The shortest strings in the grid are the cheapest and fastest, these would finish the old system straight away.
So very long threads are being spun like UK-Iceland, UK-Norway, Germany – Sahara and so on.
The longer it takes to build these interconnectors the more profitable the old system can be.
What if coal plants with CCS are part of the equation?
Power from these coal plants will be more expensive, but comparable to offshore wind power.
So stimulation for offshore wind power, could be replaced with competition between these offshore wind power prices and the elevated fossil with CCS power price.
Some countries will have to adjust their regulations, to allow power users, to own a piece of a shared wind farm and have their power at cost price, 2 to 3 cents EUR.
Because of the low power pice, a piece of a shared wind farms will be a mass consumer product, and half the cost of the energy transition (for the on land wind power part)
Some countries will need to make the paradigm shift to the grid as a real shared resource.

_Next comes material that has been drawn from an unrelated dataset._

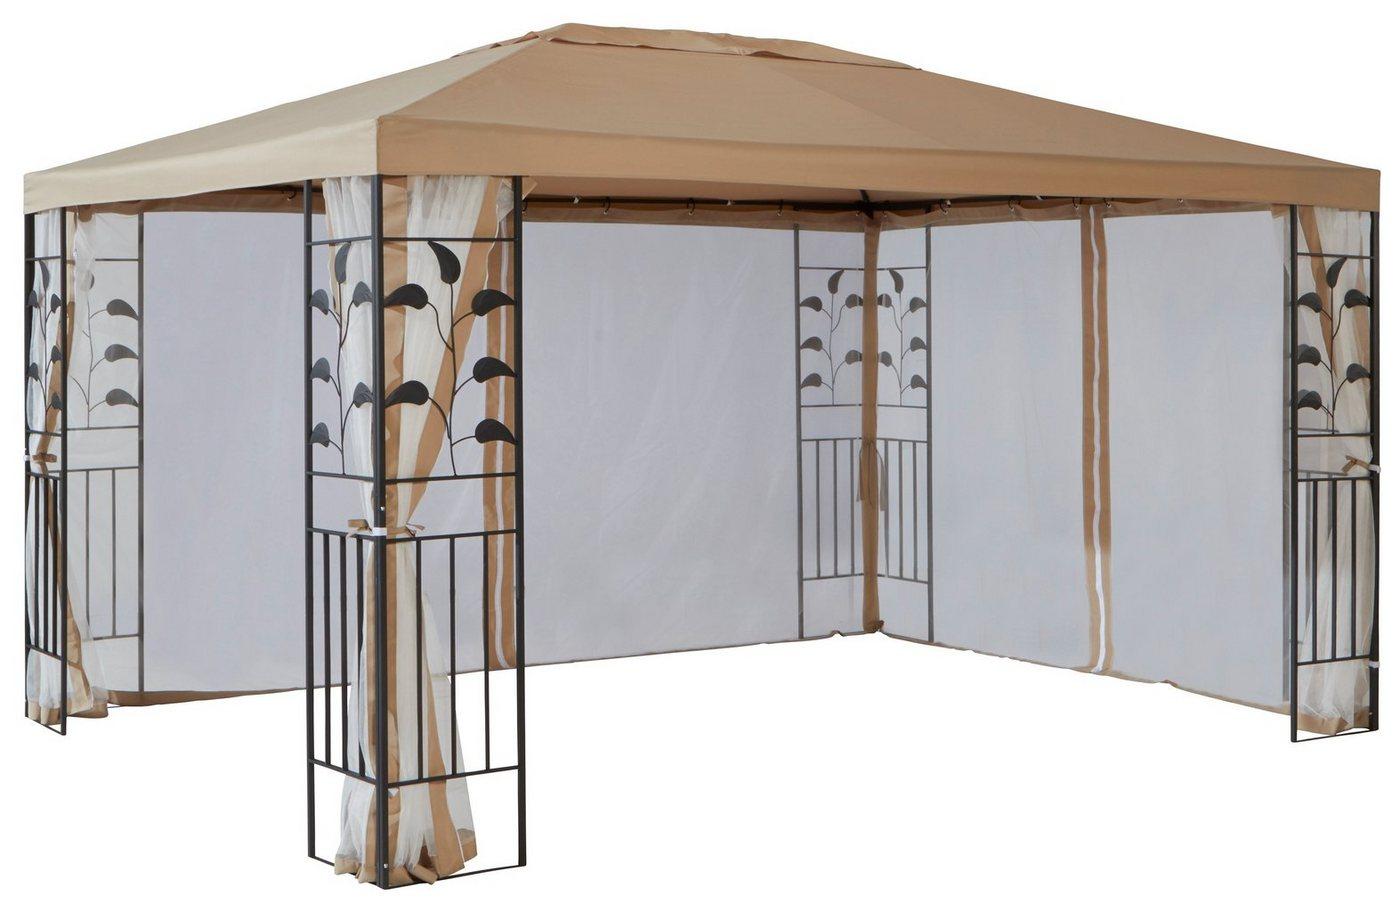 Moskitonetze Für Pavillon  Preisvergleiche, Erfahrungsberichte und
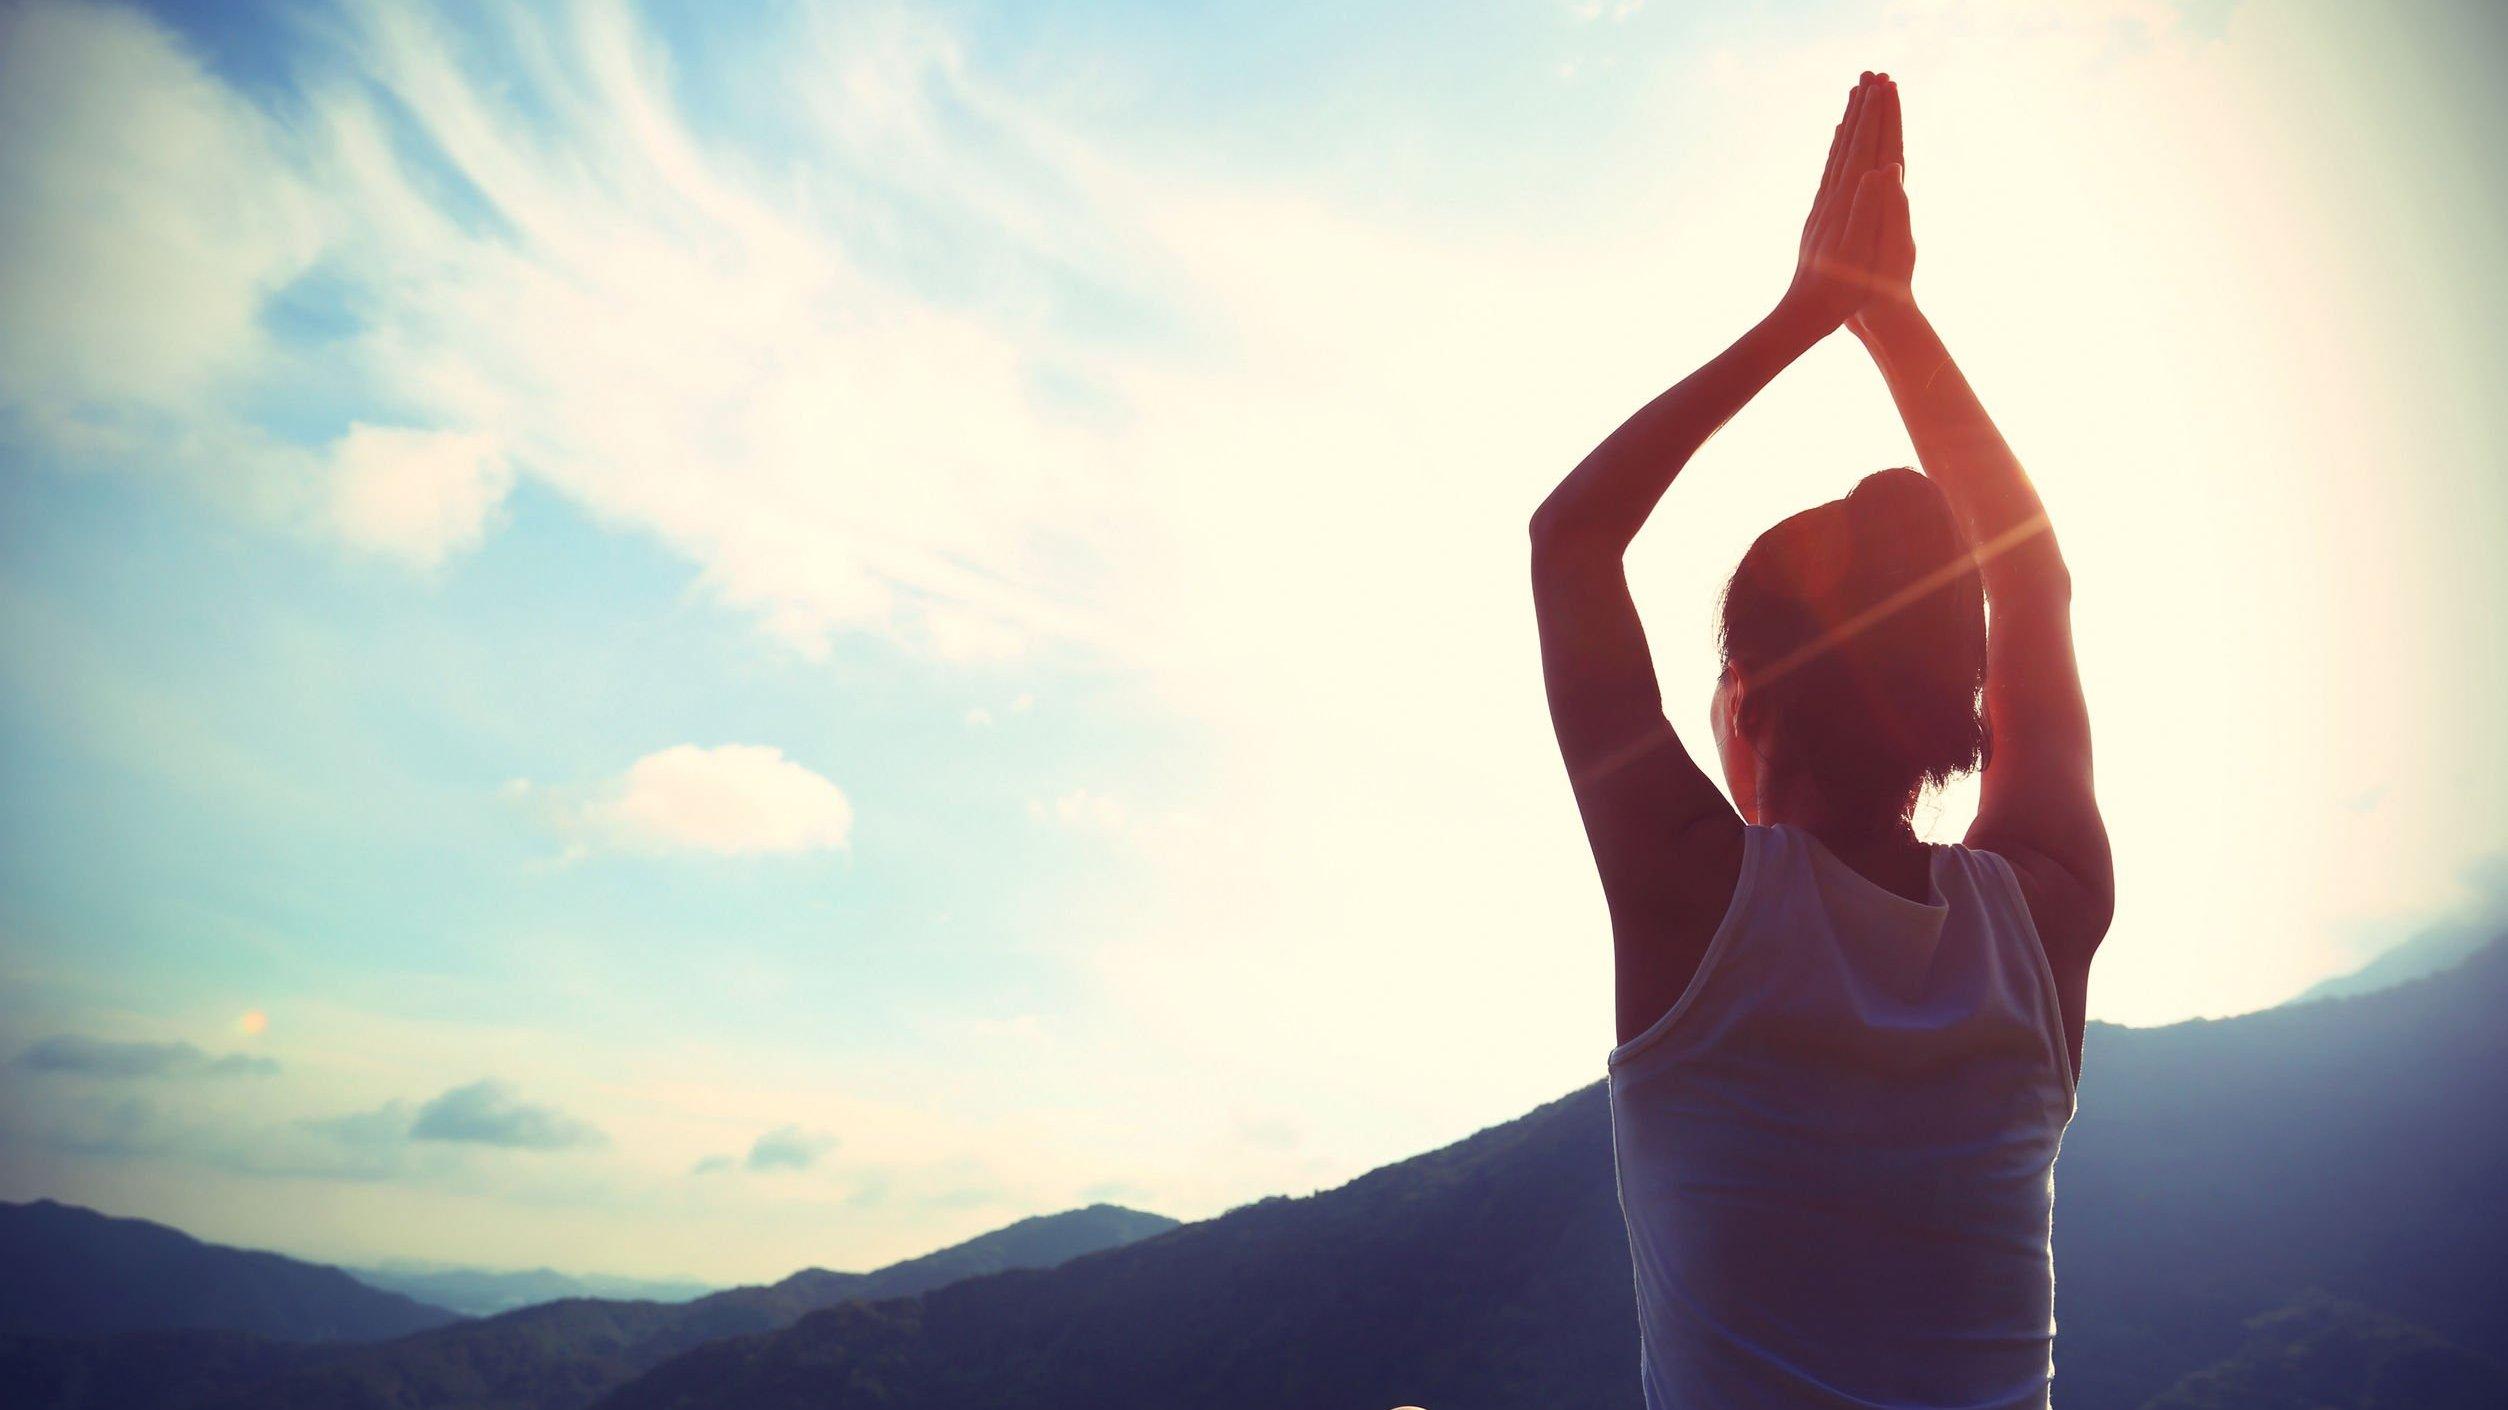 Mulher de costas com braços para o alto e mãos unidas no alto e céu azul ao fundo

Everyne has to make the shift from buying power to buying generatriong power, as lots of people do already with solar panels.
Windpower is still cheaper and needsmuch less space, so lets lower the cost of energy with shared wind farm.
http://bit.ly/become-a-proud-windfarm-owner
Great! Germany! I appear!
Arigatou! Germany Government! The great change policys are Nuclear, Coal to Renewable Energy!
At the next, considering sustainable policys, and peoples be glad and work!
The repairing minds and actions are key! Arigatou! Now, President Obama directly send WHouse news! So we can talk with Climate Change issues inside!